Певец прекрасный, милый,
Приятный соловей!
Утешь мой дух унылый
Ты песенкой своей.
Ведь ты, мой друг, на воле,
Не в клеточке сидишь,
Почто ж так медлишь доле
И к милой не летишь?…

Были в альбомах и стихи собственного сочинения. Он по-своему отдал дань «дедушке-классицизму». Писал их по-русски и по-немецки. Потом многие из них зачеркнул, оставив только первые строчки: «Храни меня ты в памяти своей…», «Люблю тебя, но тщетно…», «Не презирай моей ты клятвы…», «Herr Bruder, ich will dir etwas sagen…».[6]

В те времена в Опочке в общественном сарае близ магистрата был открыт театр, в котором ставились комедии «Отец по случаю» и «Новый век» господина Коцебу. Изредка здесь ставилась «тальянская опера», и во оном представлении были «Действия королевы Дидоны, князя Енея — любовника Дидонья и Жоржа Дидор — короля арапского». Здесь же можно было увидеть выступления некоего солдата, «который представлял чудесную маску игумена во всем виде и пел разные шуточные ирмосы, и представленье двух кукол, которые, выскочив из подобия гроба, плясали весело…». Бывали здесь и фокусники, «один из них ел серу горящую, а также сургуч, брал в руки раскаленное железо и мыл ноги растопленным оловом». Наш Жан не пропускал ни одного представления и после каждого спектакля долго сидел по ночам перед своим дневником. Только ему он доверял все свои тайны, радости и печали.

Он рано постиг «науку страсти нежной», стремился беспрерывно ухаживать за опочецкими «нимфочками» и «венерками».

Влюбленность он считал естественным состоянием человека, стремясь пребывать в нем постоянно, меняя лишь предметы своего обожания.

Тятька и мамка не понимали его, но прощали шалости, надеясь, что со временем дурь пройдет и сын возьмется за ум…

* * *

В один из последних сентябрьских дней 1824 года у дома Лапиных остановились две большие запыленные кареты. Из карет слышался девичий смех.
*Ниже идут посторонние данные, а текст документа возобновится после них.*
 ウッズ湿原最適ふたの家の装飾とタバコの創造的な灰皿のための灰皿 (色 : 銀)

Подобрав лошадей к коновязи, ездовые открыли дверцы, и из карет выскочил целый выводок молодых дев под командованием Пушкина.
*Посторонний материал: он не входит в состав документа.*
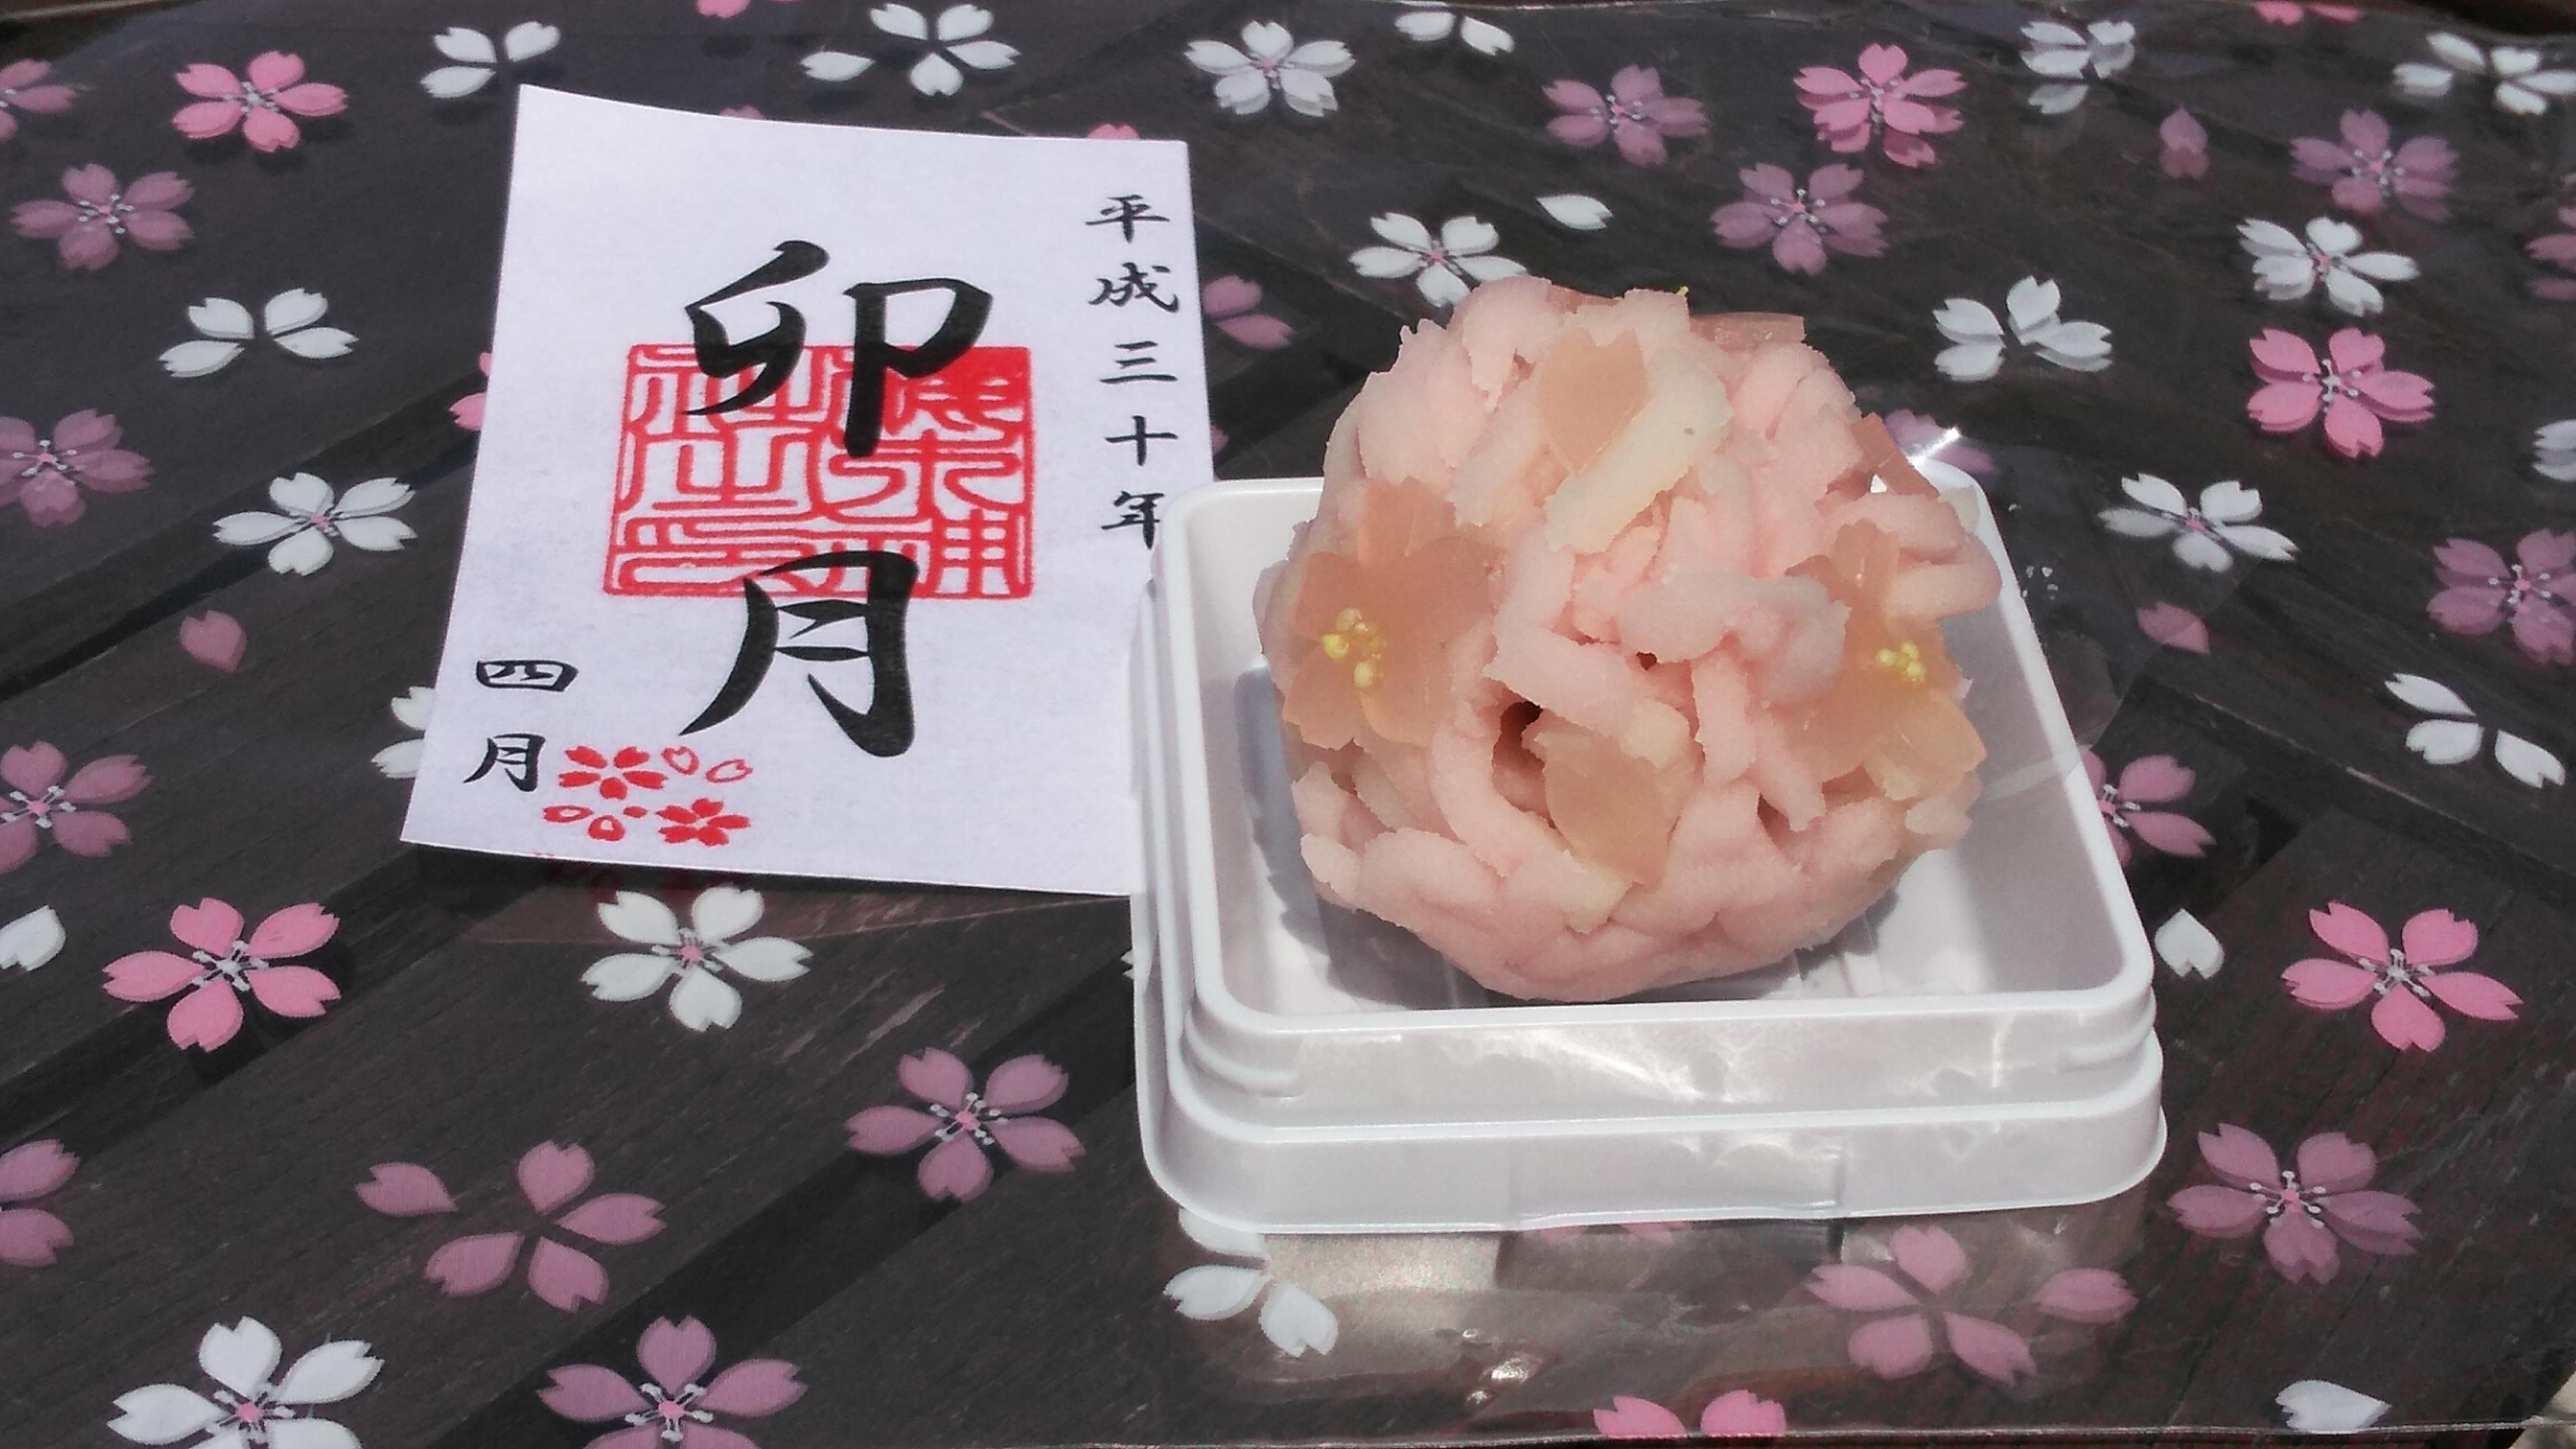 櫻木神社の行事・ご供養

— Эй, малой! — крикнул Пушкин Жану, кормившему голубей у крыльца. — Эй! Места в «Надежде» есть? — продолжал кричать Пушкин, указывая тростью на большую вывеску, висящую над крыльцом: «Трактир Приятная Надежда». — Кому я говорю! Есть места для путешествующих и страждущих или нет?!

Лапин молчал, словно воды в рот набрал.

— Да ты что, глухой, что ли?

Разглядывая молодого Лапина, Пушкин увидел на нем приличное городское платье и заметил пристальный взгляд его…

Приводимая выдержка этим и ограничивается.